A big thing to be mindful of is how many times you’re going to wear the clothing, too. Instead of buying something on impulse or that might be a momentary trend, choose clothes that you can see yourself wearing for multiple seasons. A study from Greenpeace estimates that 20% of clothing is never worn, with the average garment worn less than four times. Crazy, right? Before you buy anything, you want to be confident that you’ll wear it multiple times.
This may sound a bit daunting to some of you but sewing on a button or repairing a seam is both quick and easy. You can always search on YouTube for tutorials if you get stuck. For the more creative and ambitious, you should take a look at #visiblemending It’s amazing how this simple task of repairing clothing has turned into such a beautiful form of art.

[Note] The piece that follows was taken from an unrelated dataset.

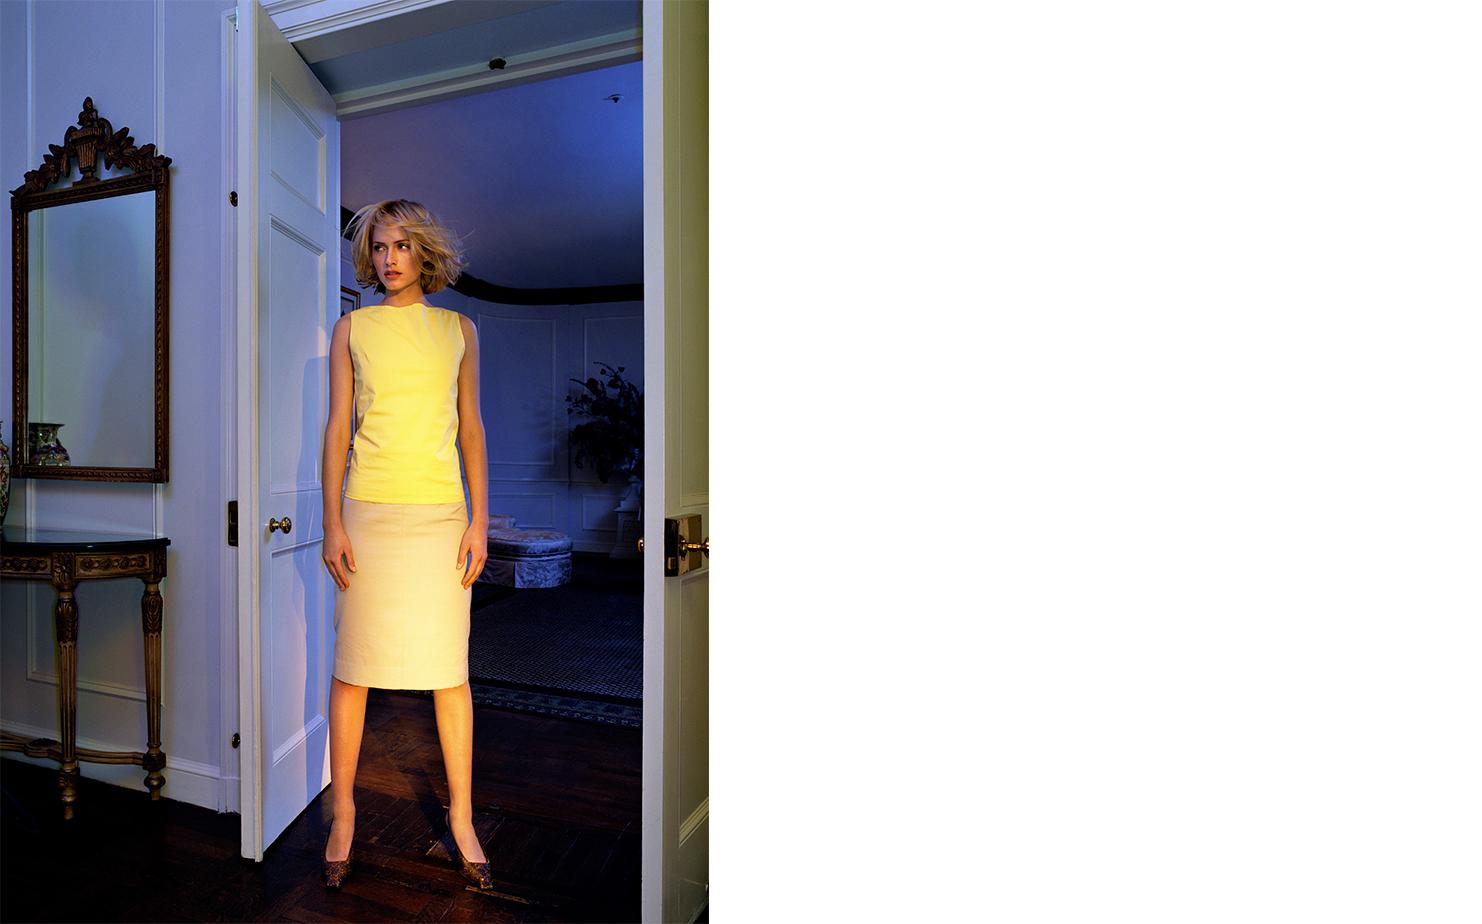 Harper's Bazaar   A VERY STYLISH GIRL   FASHION EDITOR Elissa Santisi MODEL Amber Valletta

A popular option that’s becoming more common is to revamp a garment you are tired of, or up-cycle something from the thrift shop that has great potential but isn't quite right. A few buttons, a shorter hem, a narrower silhouette… the options are endless. Not only is it fun and creative, but you’ll have a new and unique garment to add to your wardrobe.
Buy Second Hand
Ethical fashion isn’t all about shopping at next-gen brands though, which
unfortunately often have a high price tag to accompany the sustainable nature of the clothing. Shopping pre-loved is the perfect option if you’re on a budget – or want more variety! It’s like a treasure hunt, you might find a gem hidden away amongst the rails of mixed styles, brands, and shapes.

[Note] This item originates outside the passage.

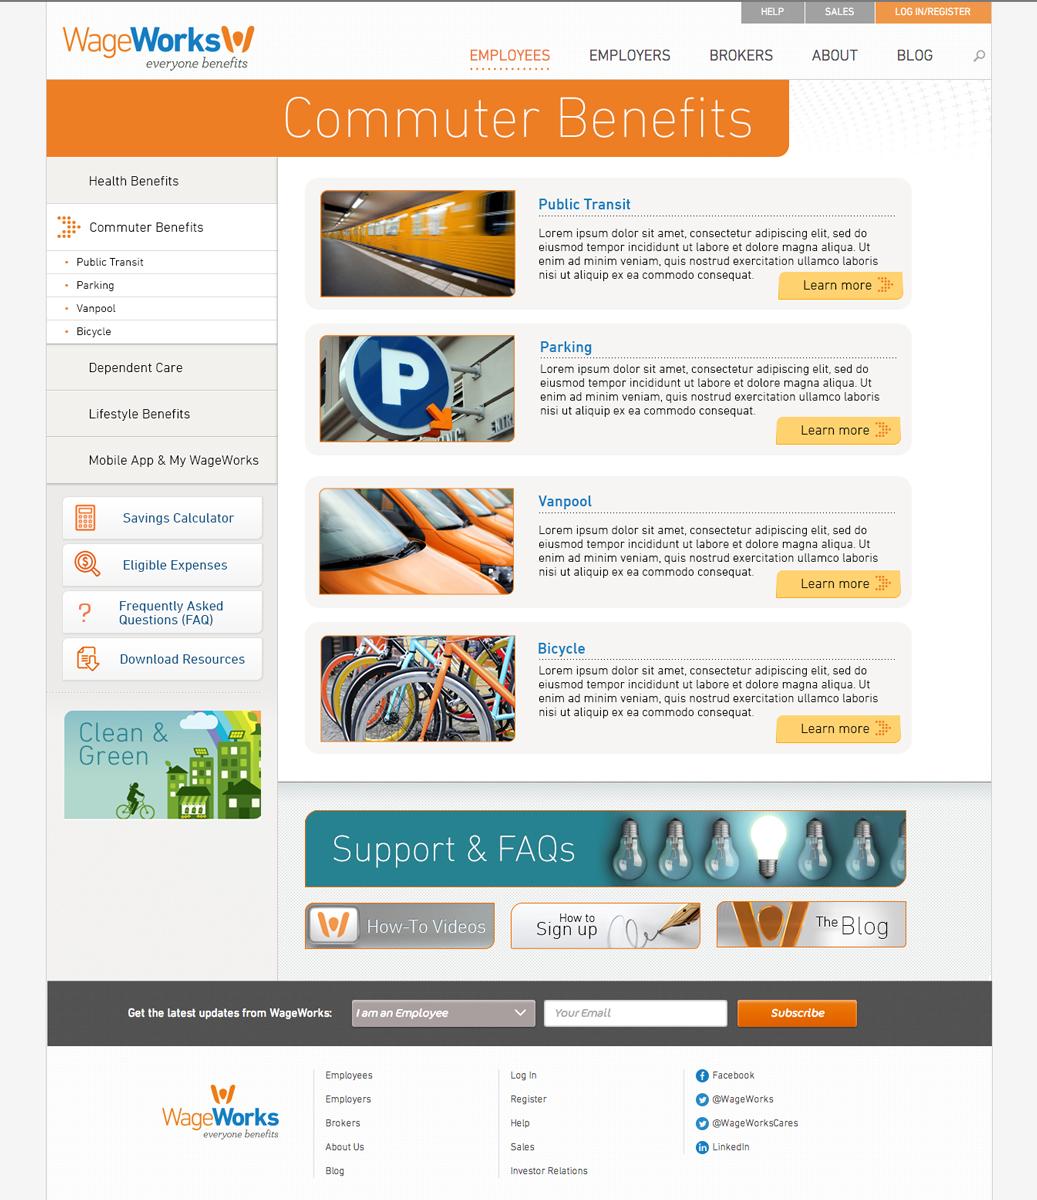 WageWorks Commuter Benefits Landing Page

The beauty of shopping second-hand is that you’re not using new fabrics or textiles, while also saving clothes from the dump. A whopping 85% of textiles end up in a landfill – enough to fully fill Sydney harbour each year. Not only is shopping second-hand far easier on your wallet, but thanks to the environmental benefits of reused clothes there’s far less guilt when you buy garments you don’t even need, but love anyway.
Borrow or Swop
This way of changing our wardrobes is becoming more and more acceptable and mainstream as our awareness increases. It is fun and social and connects us with our fellow humans.
Care for Your Clothes
Do you want to know the biggest secret to having an ethical wardrobe? It’s all about taking care of your clothing. When you look after your clothing, you’re less likely to need to replace it, and you’ll get the most out of every piece. Along with changing your shopping habits, you want to consider how you treat the clothing you already have.
It’s a good idea to always wash on the cold settings, and use gentle and natural detergents. Make sure you hand wash any garments that aren’t suitable for your washing machine and avoid the tumble dryer whenever possible. With only a little care, our clothes can look so much better, for so much longer.